# [Work instruction]
Would you reproduce exactly the lines below from the one holding "Aktivitetsplan påska 2016" through the one holding "صفحه اول پنجشنبه 25 بهمن 1397", inclusive, and no others?

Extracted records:
--
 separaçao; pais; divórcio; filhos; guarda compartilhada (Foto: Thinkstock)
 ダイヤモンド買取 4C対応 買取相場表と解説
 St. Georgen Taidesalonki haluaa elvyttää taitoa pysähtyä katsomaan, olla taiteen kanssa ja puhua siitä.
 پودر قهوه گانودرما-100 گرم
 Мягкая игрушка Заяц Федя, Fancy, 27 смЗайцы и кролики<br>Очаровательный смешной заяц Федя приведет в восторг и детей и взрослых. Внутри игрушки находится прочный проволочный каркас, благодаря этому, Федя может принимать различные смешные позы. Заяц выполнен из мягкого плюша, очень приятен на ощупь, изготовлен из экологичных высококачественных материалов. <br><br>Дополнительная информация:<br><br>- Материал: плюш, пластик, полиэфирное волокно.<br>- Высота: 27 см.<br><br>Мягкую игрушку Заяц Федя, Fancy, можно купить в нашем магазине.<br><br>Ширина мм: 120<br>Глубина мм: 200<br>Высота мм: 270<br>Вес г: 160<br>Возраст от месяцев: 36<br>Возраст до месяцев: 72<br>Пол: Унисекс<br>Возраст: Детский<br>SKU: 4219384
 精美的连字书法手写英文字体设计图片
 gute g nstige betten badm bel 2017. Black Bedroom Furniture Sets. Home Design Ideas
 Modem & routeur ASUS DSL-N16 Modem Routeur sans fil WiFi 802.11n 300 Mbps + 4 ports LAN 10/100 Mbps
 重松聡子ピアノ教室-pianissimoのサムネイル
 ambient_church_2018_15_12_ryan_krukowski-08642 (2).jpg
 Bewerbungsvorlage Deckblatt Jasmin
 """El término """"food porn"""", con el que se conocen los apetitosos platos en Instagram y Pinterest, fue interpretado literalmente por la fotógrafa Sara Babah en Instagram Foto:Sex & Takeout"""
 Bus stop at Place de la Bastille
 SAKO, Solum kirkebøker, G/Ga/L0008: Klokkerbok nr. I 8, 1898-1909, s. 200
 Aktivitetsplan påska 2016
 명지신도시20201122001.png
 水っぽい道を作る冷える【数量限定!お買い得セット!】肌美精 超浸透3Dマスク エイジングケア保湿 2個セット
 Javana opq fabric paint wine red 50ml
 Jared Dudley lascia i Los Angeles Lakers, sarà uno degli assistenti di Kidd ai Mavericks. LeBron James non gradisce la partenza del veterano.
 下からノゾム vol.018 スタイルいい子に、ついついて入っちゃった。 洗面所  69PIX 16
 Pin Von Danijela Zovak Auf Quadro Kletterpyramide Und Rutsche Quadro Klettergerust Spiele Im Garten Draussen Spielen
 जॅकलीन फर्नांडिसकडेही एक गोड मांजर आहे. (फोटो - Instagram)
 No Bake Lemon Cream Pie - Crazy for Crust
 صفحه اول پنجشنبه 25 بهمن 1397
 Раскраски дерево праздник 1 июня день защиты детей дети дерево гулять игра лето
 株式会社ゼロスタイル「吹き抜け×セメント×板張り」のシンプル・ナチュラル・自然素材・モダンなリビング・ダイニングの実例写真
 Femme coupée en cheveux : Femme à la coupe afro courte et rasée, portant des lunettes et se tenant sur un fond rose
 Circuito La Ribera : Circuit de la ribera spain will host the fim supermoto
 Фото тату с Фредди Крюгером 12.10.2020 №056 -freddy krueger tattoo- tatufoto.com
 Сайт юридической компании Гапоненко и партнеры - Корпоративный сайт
--
# [Result for this exercise]
 Aktivitetsplan påska 2016
 명지신도시20201122001.png
 水っぽい道を作る冷える【数量限定!お買い得セット!】肌美精 超浸透3Dマスク エイジングケア保湿 2個セット
 Javana opq fabric paint wine red 50ml
 Jared Dudley lascia i Los Angeles Lakers, sarà uno degli assistenti di Kidd ai Mavericks. LeBron James non gradisce la partenza del veterano.
 下からノゾム vol.018 スタイルいい子に、ついついて入っちゃった。 洗面所  69PIX 16
 Pin Von Danijela Zovak Auf Quadro Kletterpyramide Und Rutsche Quadro Klettergerust Spiele Im Garten Draussen Spielen
 जॅकलीन फर्नांडिसकडेही एक गोड मांजर आहे. (फोटो - Instagram)
 No Bake Lemon Cream Pie - Crazy for Crust
 صفحه اول پنجشنبه 25 بهمن 1397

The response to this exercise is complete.